SUMMARY OF THE INVENTION
[0006] However, when the matching solution is supplied to the
hemispherical-shaped housing, in some cases bubbles may be
generated on an inner surface of the housing or in the holder. If
these bubbles adhere to the holder or the acoustic wave detection
elements held by the holder, or if they float in the matching
solution, the acoustic wave from the object may be reflected by the
bubbles. In this case, the acoustic wave detection elements cannot
receive the acoustic wave signal, which drops the image quality, or
the acoustic wave signals reflected by the bubbles appear as
noise.
[0007] With the foregoing in view, it is an object of the present
invention to provide an object information acquiring apparatus that
can suppress the generation of bubbles when the matching solution
is supplied.
[0008] To solve the above problem, the present invention uses the
following configuration.

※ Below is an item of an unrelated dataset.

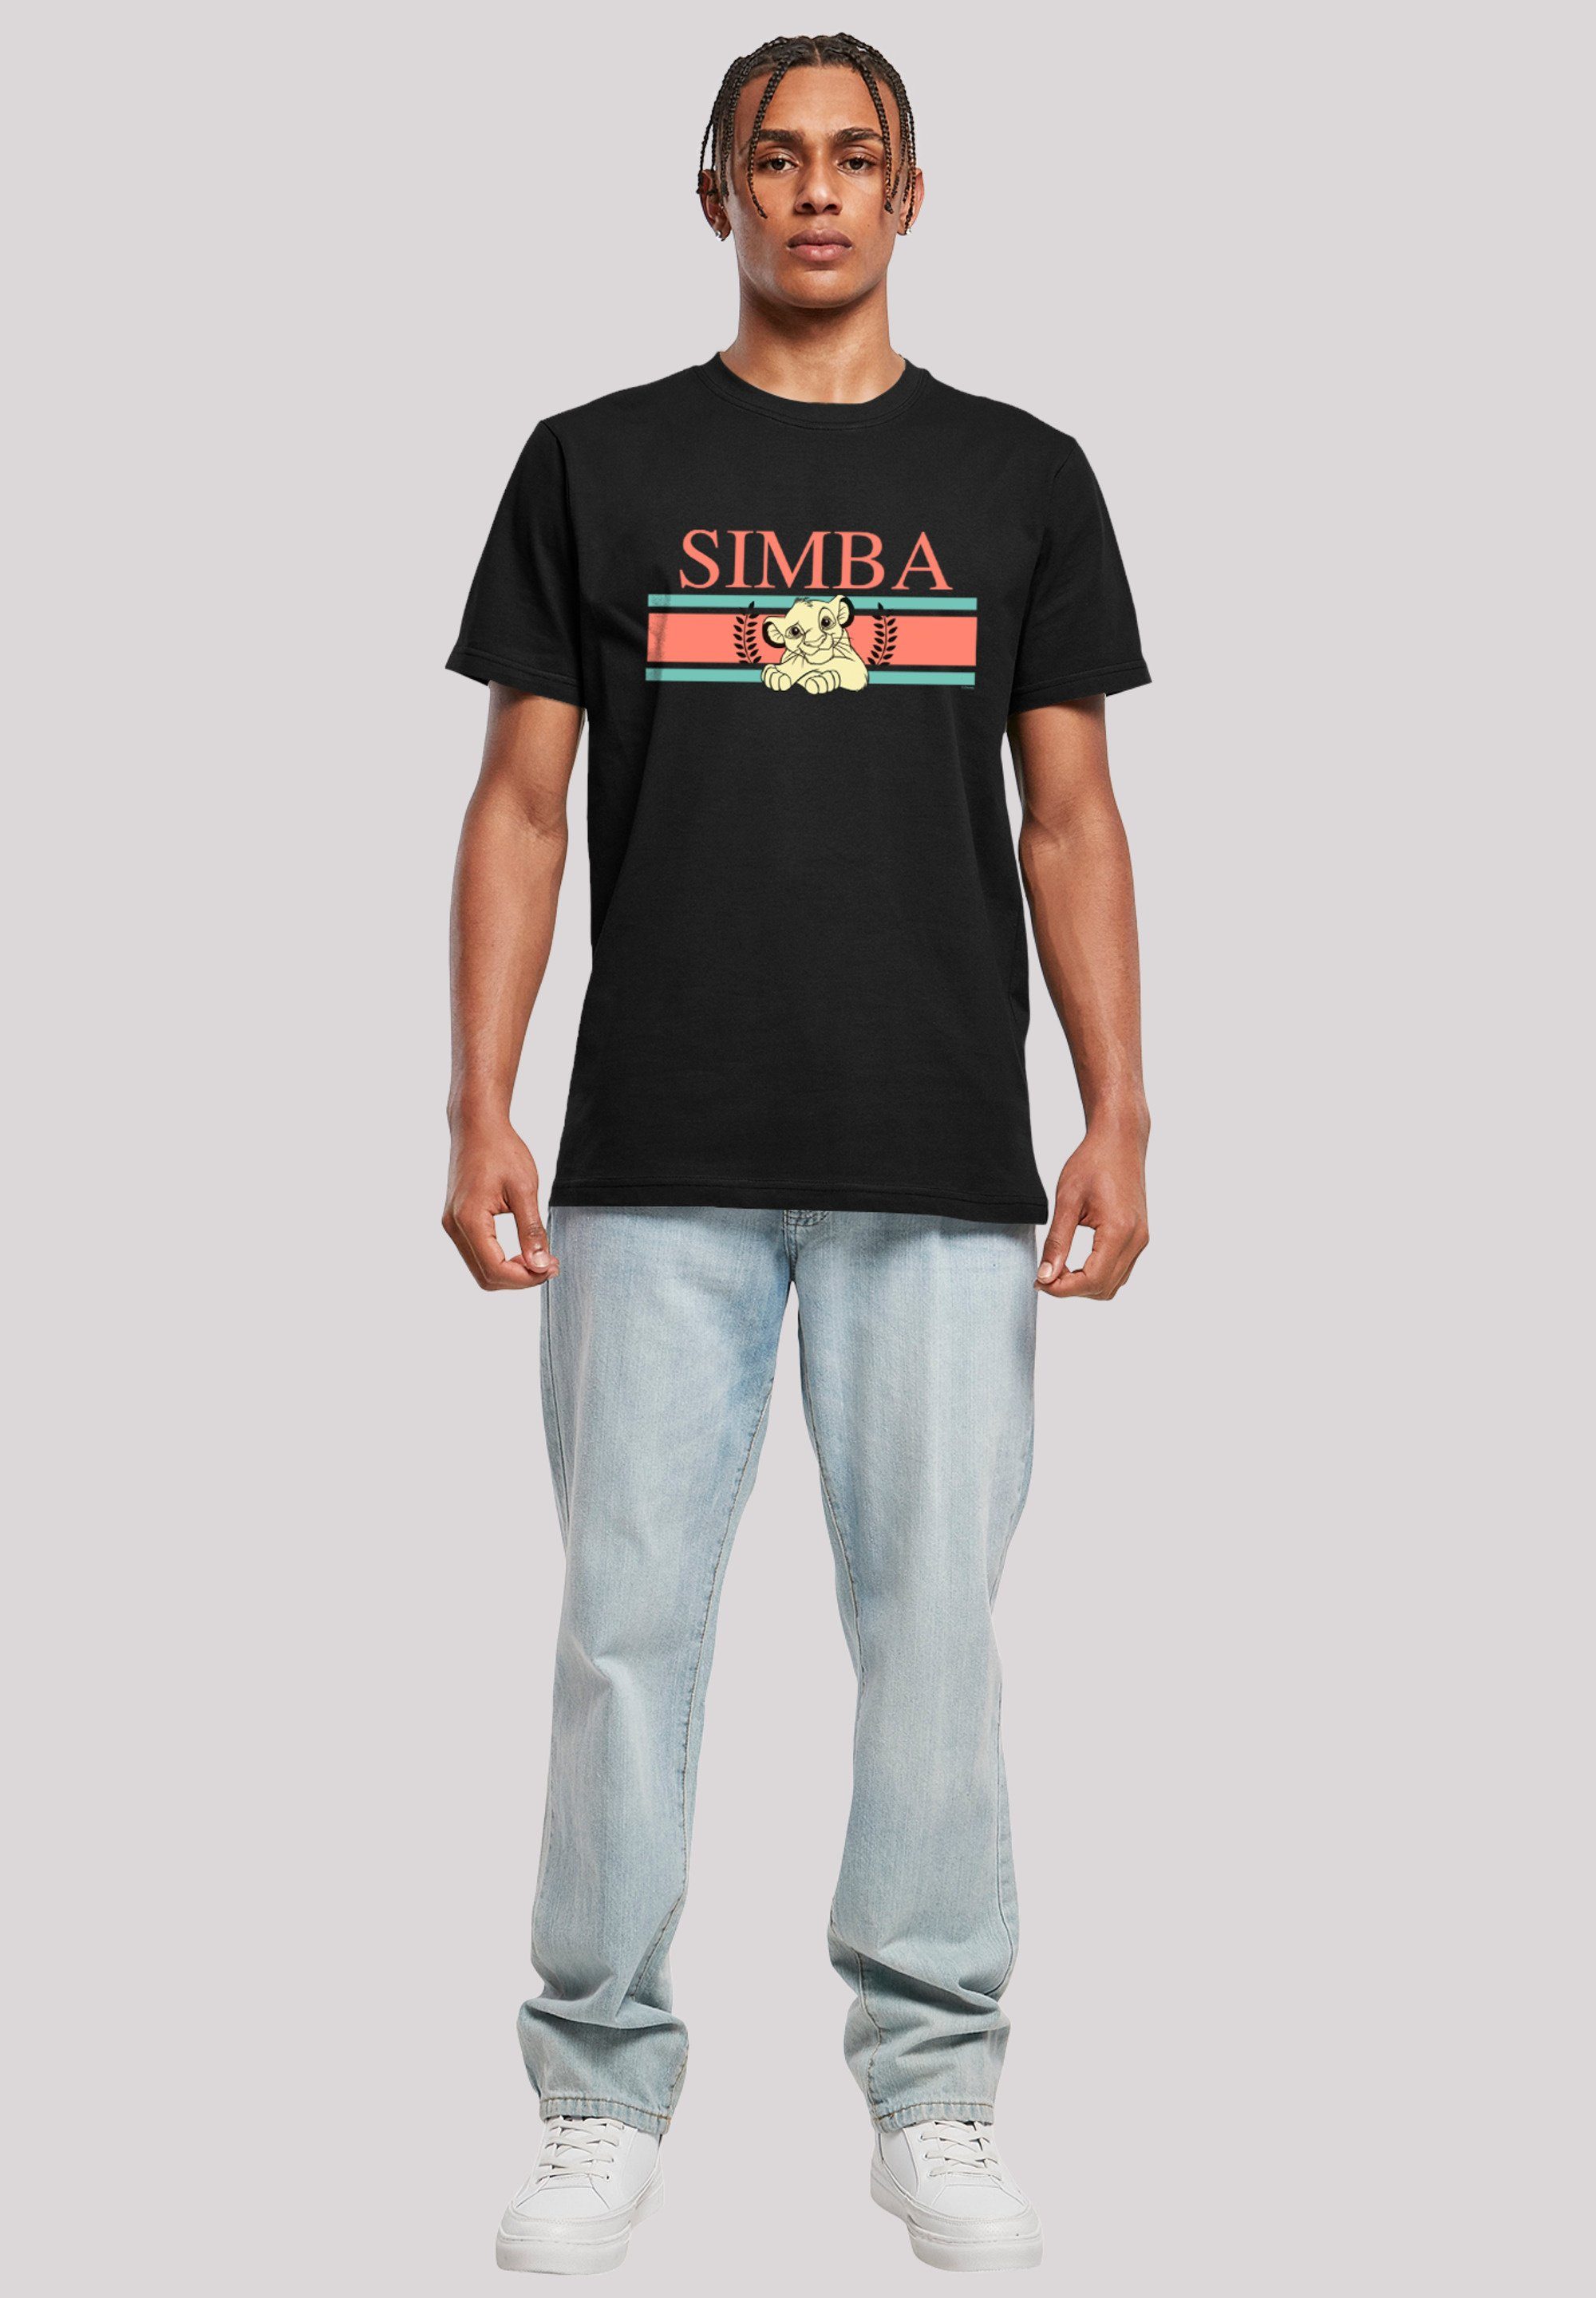 F4NT4STIC T-Shirt Disney König der Print Simba schwarz Stripes Löwen

In other words, the present invention is
an object information acquiring apparatus comprising: a matching
solution that is prepared by adding, to a solvent, a solute having
a higher hydrophilicity than the solvent, and propagates an
acoustic wave generated from an object; a plurality of acoustic
wave detection elements that receives the acoustic wave via the
matching solution; a support that supports the plurality of
acoustic wave detection elements so that directional axes of at
least a part of the acoustic wave detection elements converge, and
holds the matching solution; a position control unit that changes a
positional relationship between the object and the support; and an
acquisition unit that acquires characteristic information on the
object based on a reception result for each positional relationship
of the plurality of acoustic wave detection elements.

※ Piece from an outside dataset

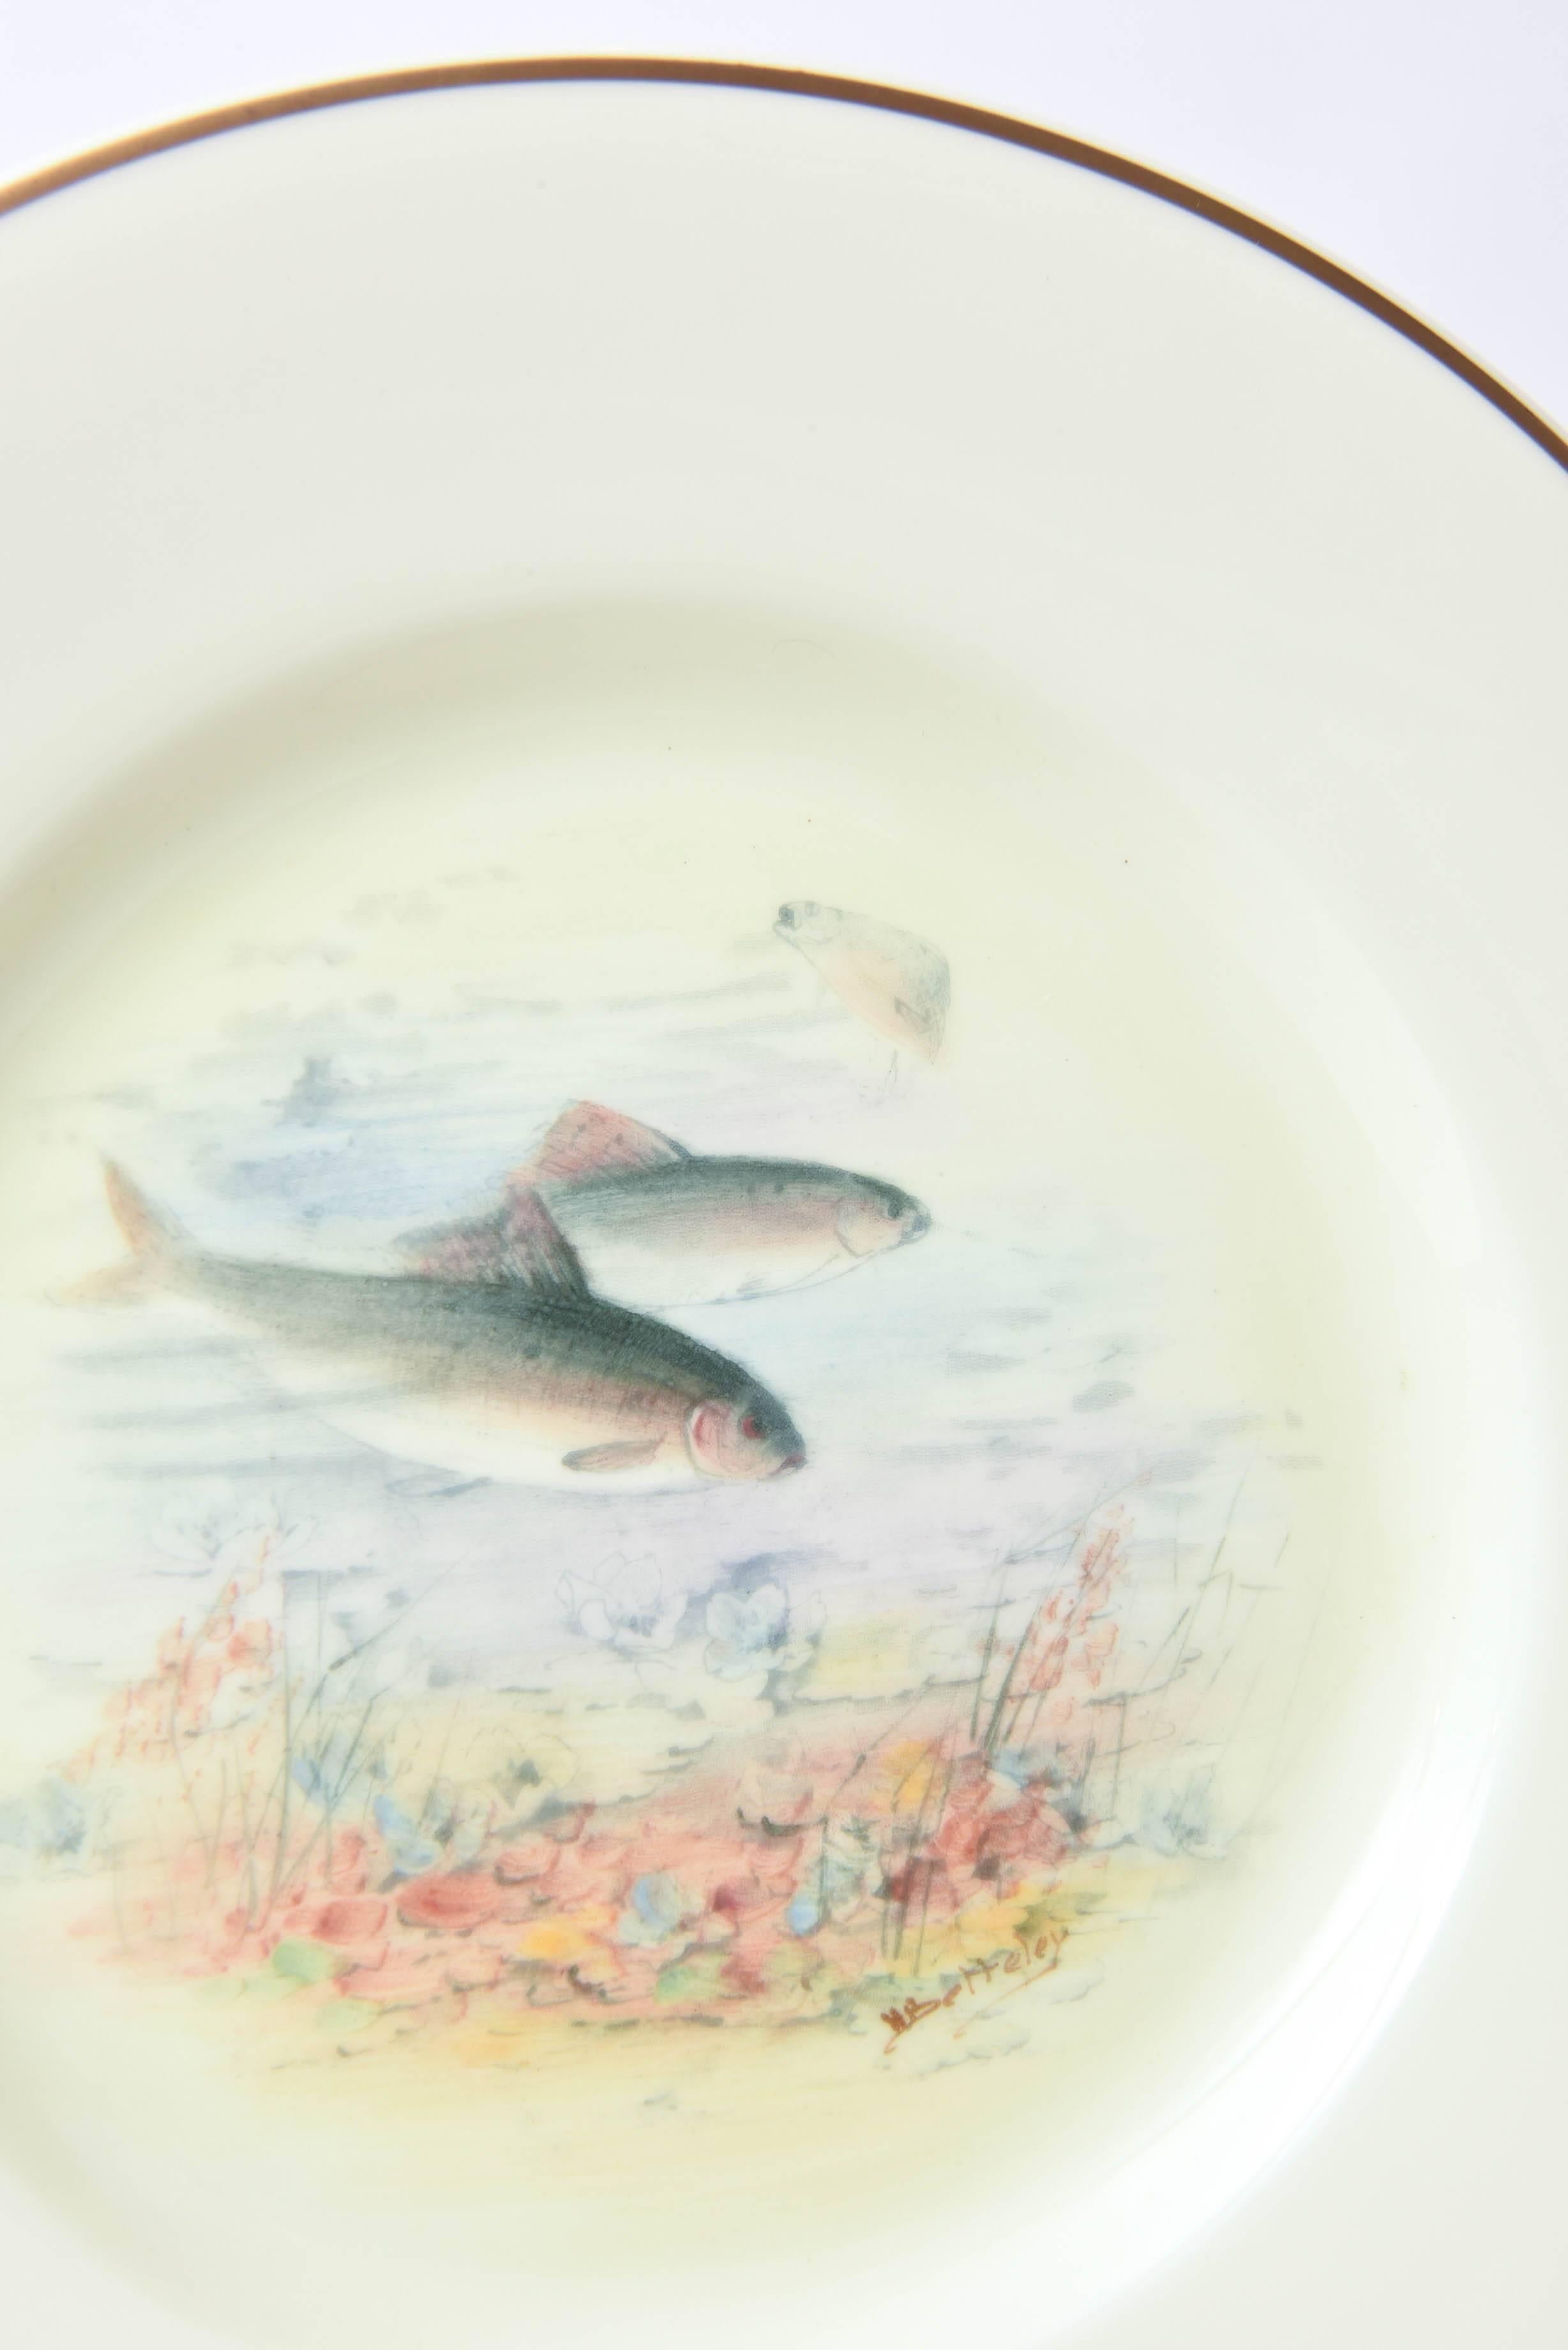 antique fish plates

[0009] The present invention also uses the following configuration.
In other words, the present invention is an object information
acquiring apparatus comprising: a matching solution that is
prepared by adding a solute having hydrophilicity to water, and
propagates an acoustic wave generated from an object; a plurality
of acoustic wave detection elements that receives the acoustic wave
via the matching solution; a support that supports the plurality of
acoustic wave detection elements so that directional axes of at
least a part of the acoustic wave detection elements converge, and
holds the matching solution; a position control unit that changes a
positional relationship between the object and the support; and an
acquisition unit that acquires characteristic information on the
object based on a reception result for each positional relationship
of the plurality of acoustic wave detection elements.
[0010] According to the present invention, an object information
acquiring apparatus, which can suppress the generation of bubbles
when the matching solution is supplied, can be provided.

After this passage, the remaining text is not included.